──────── Recorded information

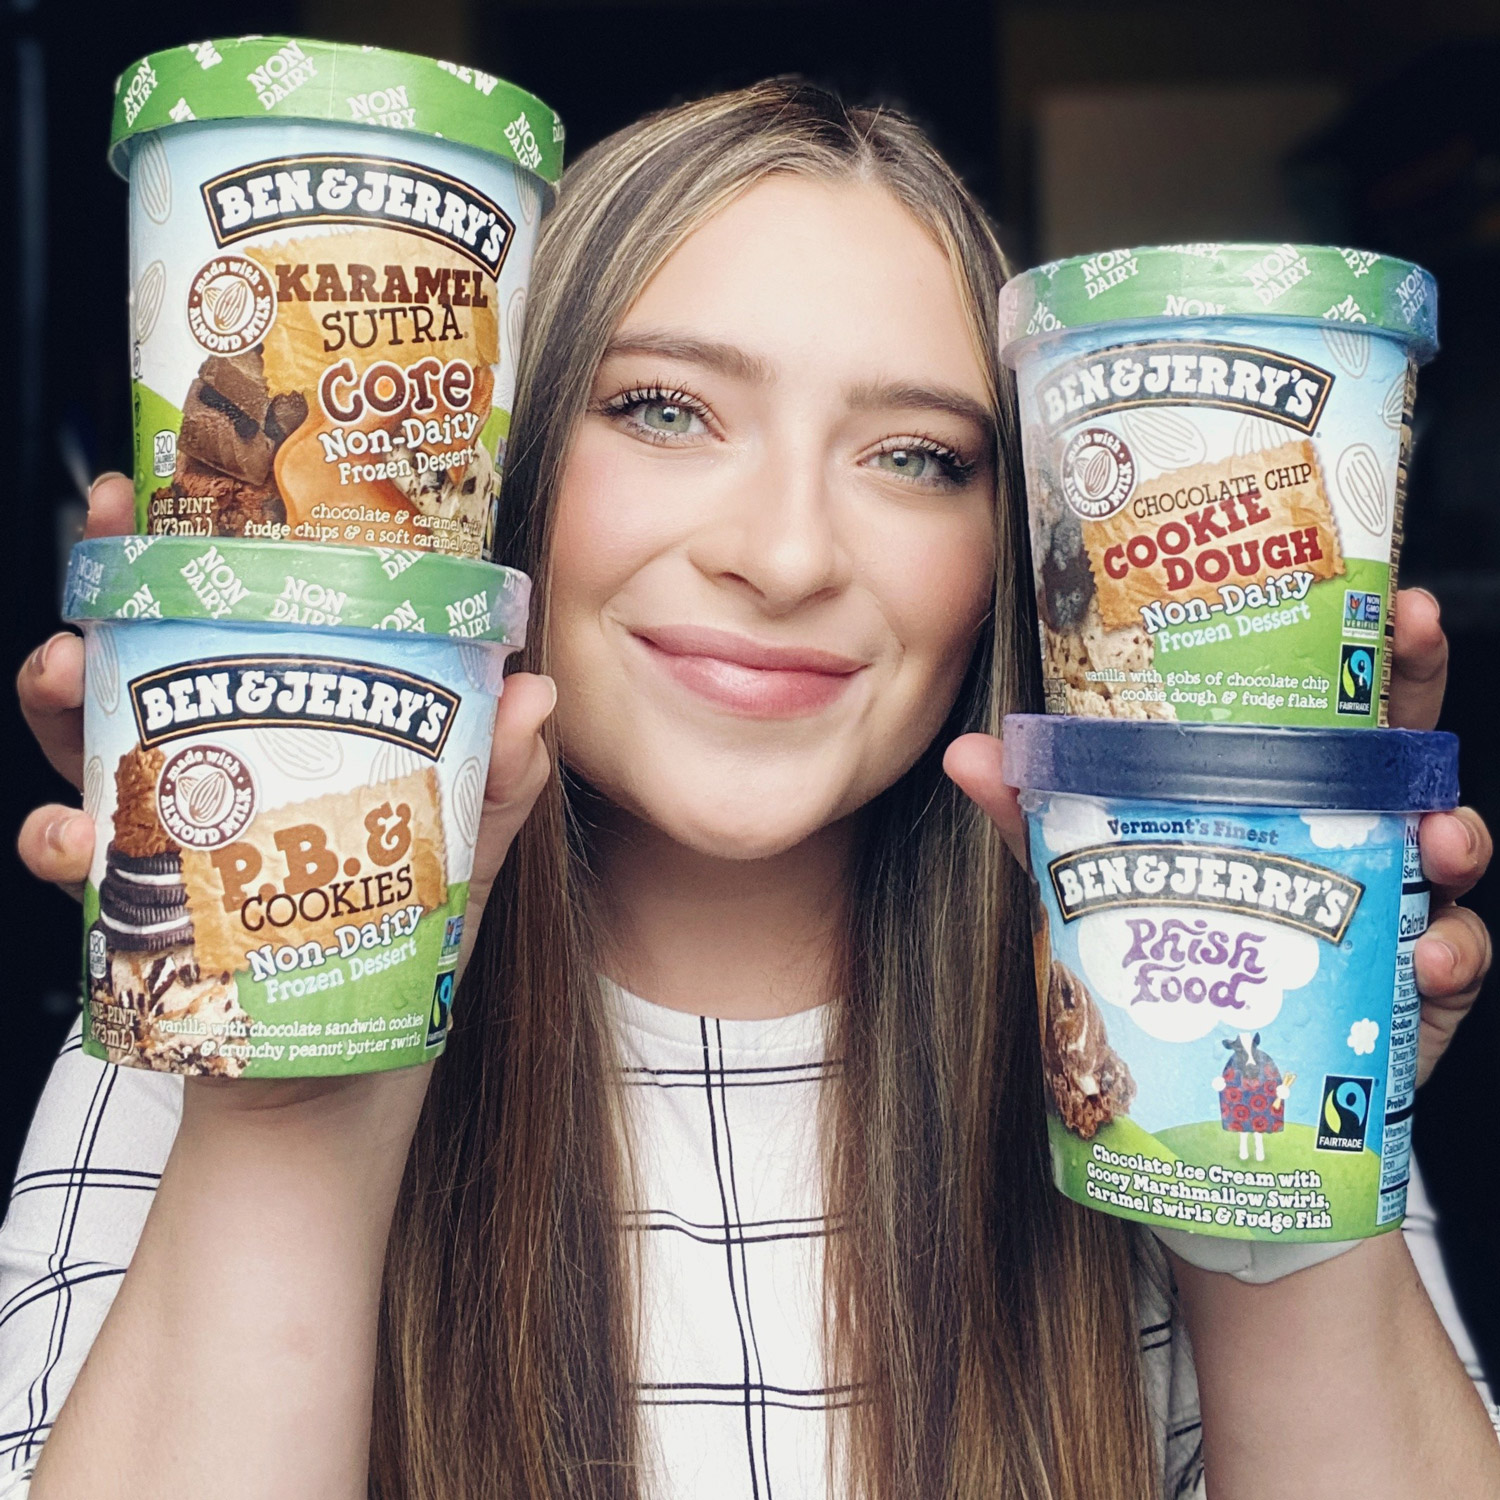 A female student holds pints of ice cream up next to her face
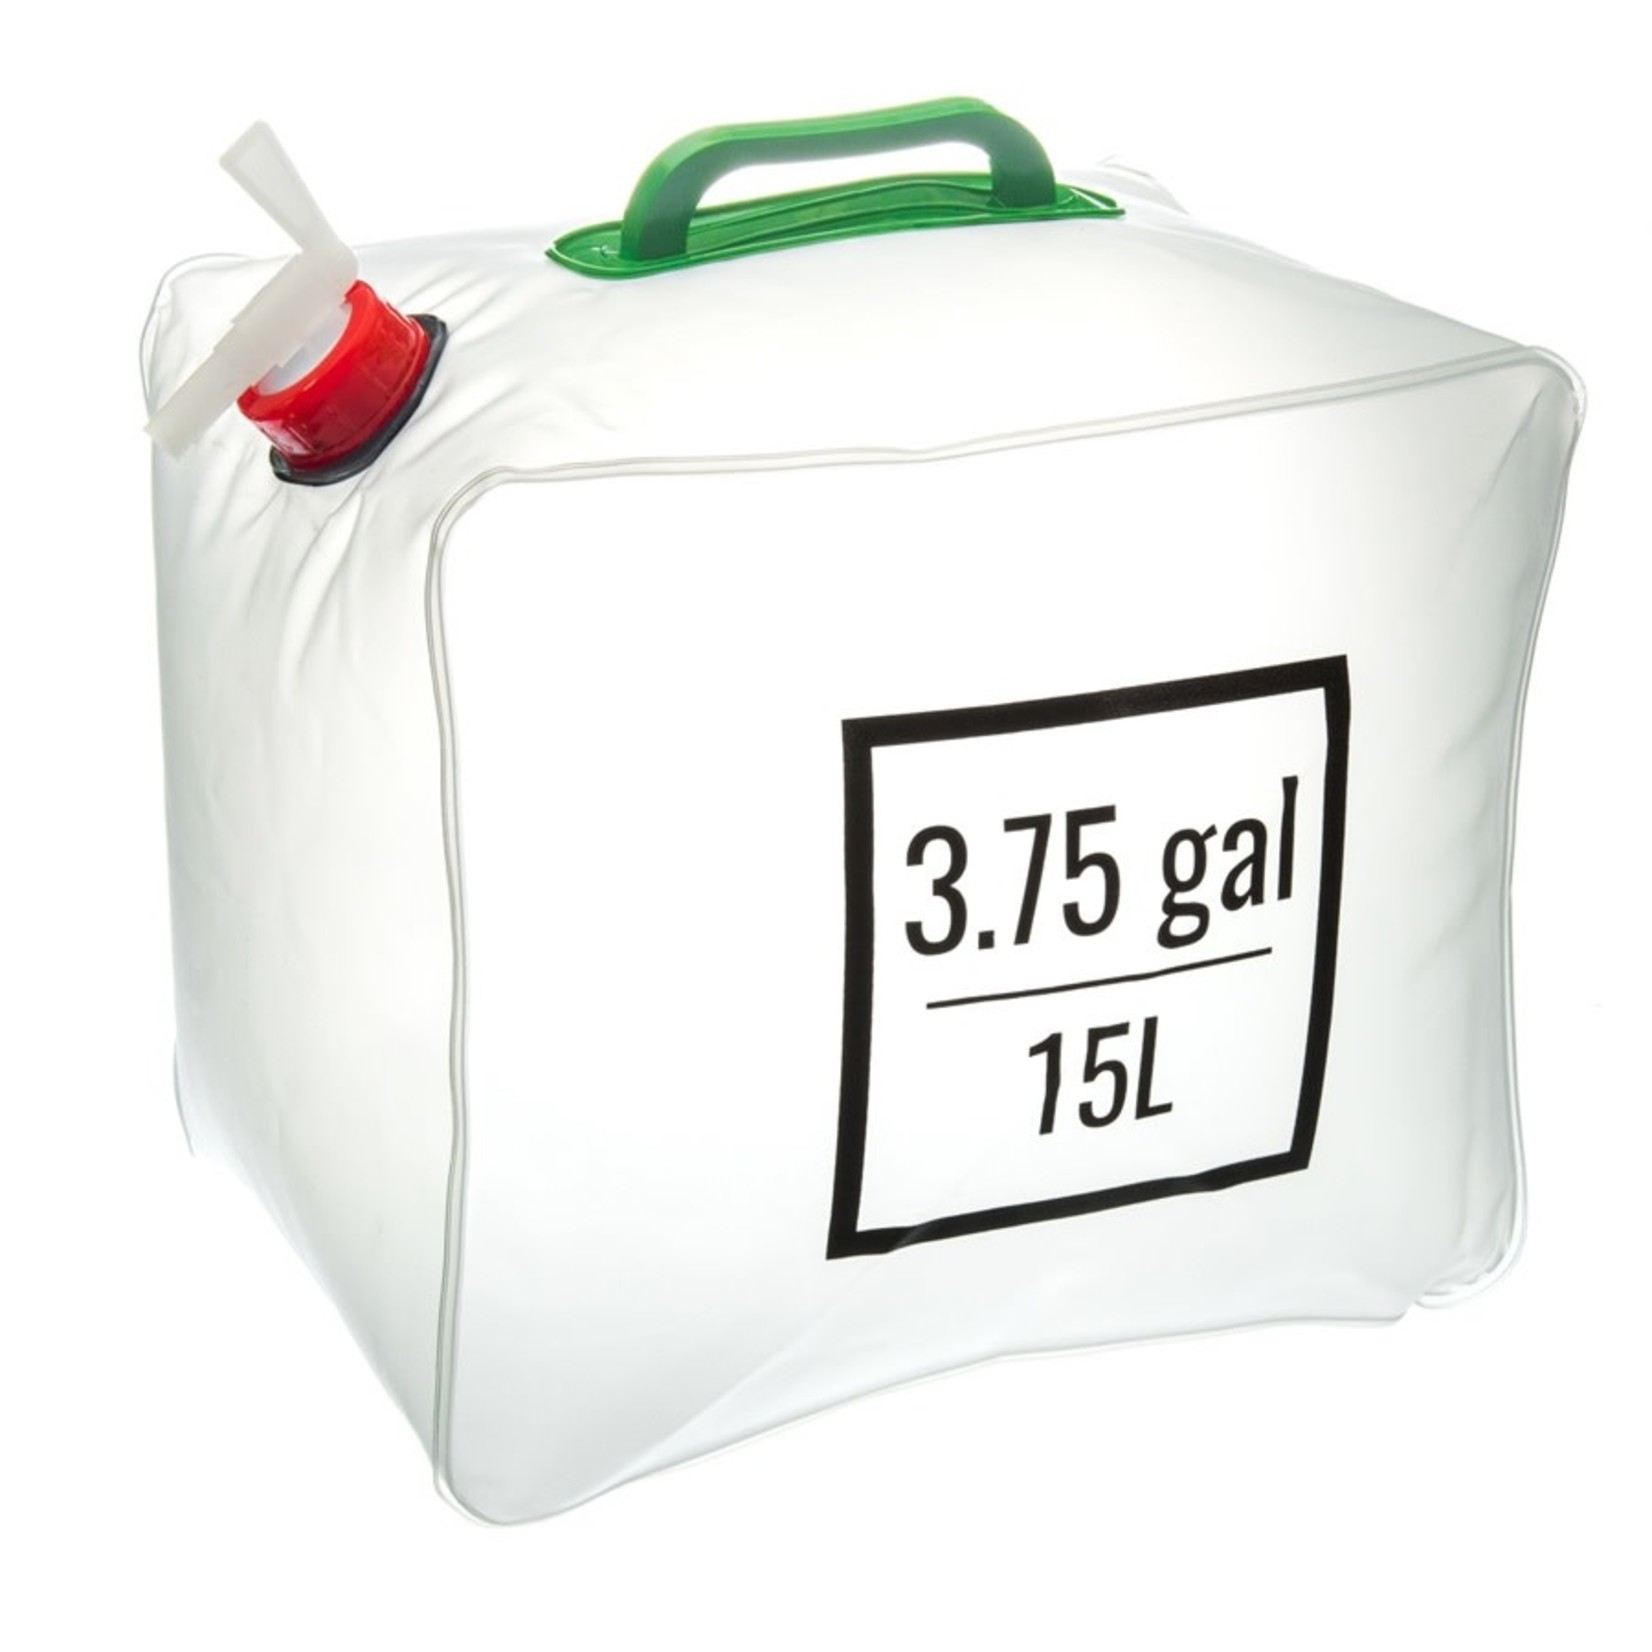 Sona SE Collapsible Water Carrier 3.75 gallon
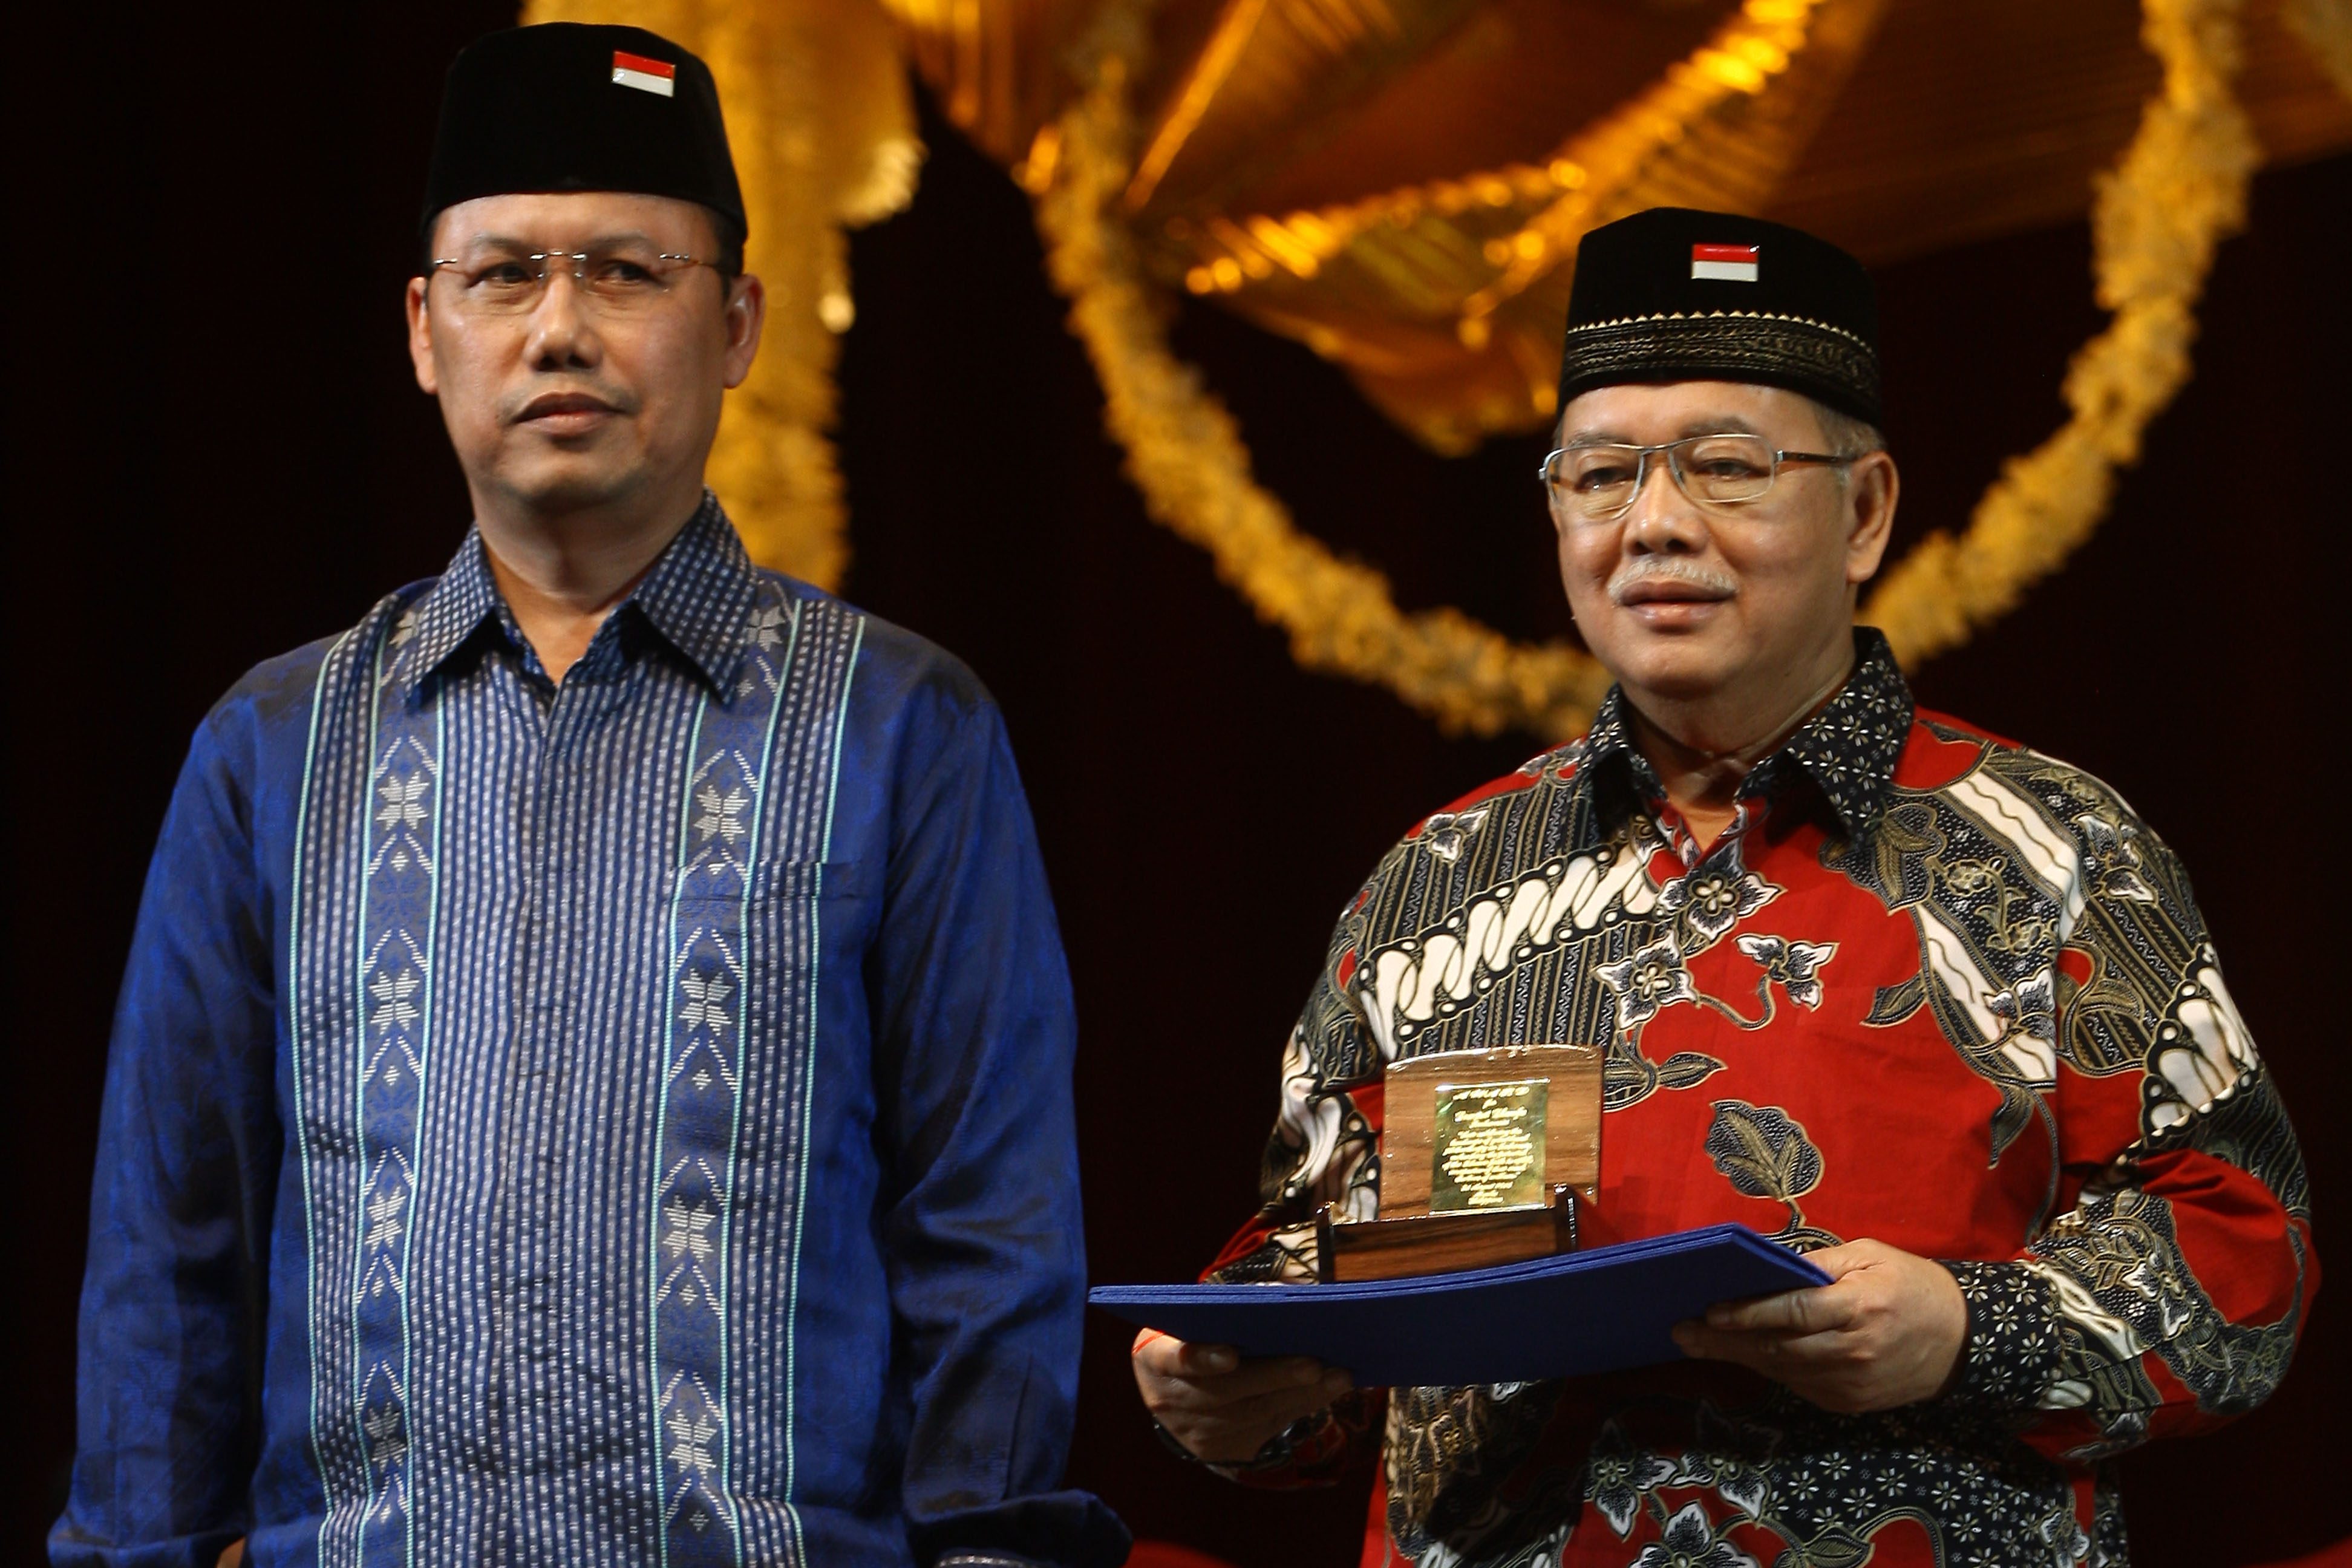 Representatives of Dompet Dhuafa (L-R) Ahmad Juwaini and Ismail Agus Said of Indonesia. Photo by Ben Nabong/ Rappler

────────────────

**Your goal**
Once the pictures are set aside, repeat the data above exactly as written.

**Solution**
 A female student holds pints of ice cream up next to her face
 Sona SE Collapsible Water Carrier 3.75 gallon
 Representatives of Dompet Dhuafa (L-R) Ahmad Juwaini and Ismail Agus Said of Indonesia. Photo by Ben Nabong/ Rappler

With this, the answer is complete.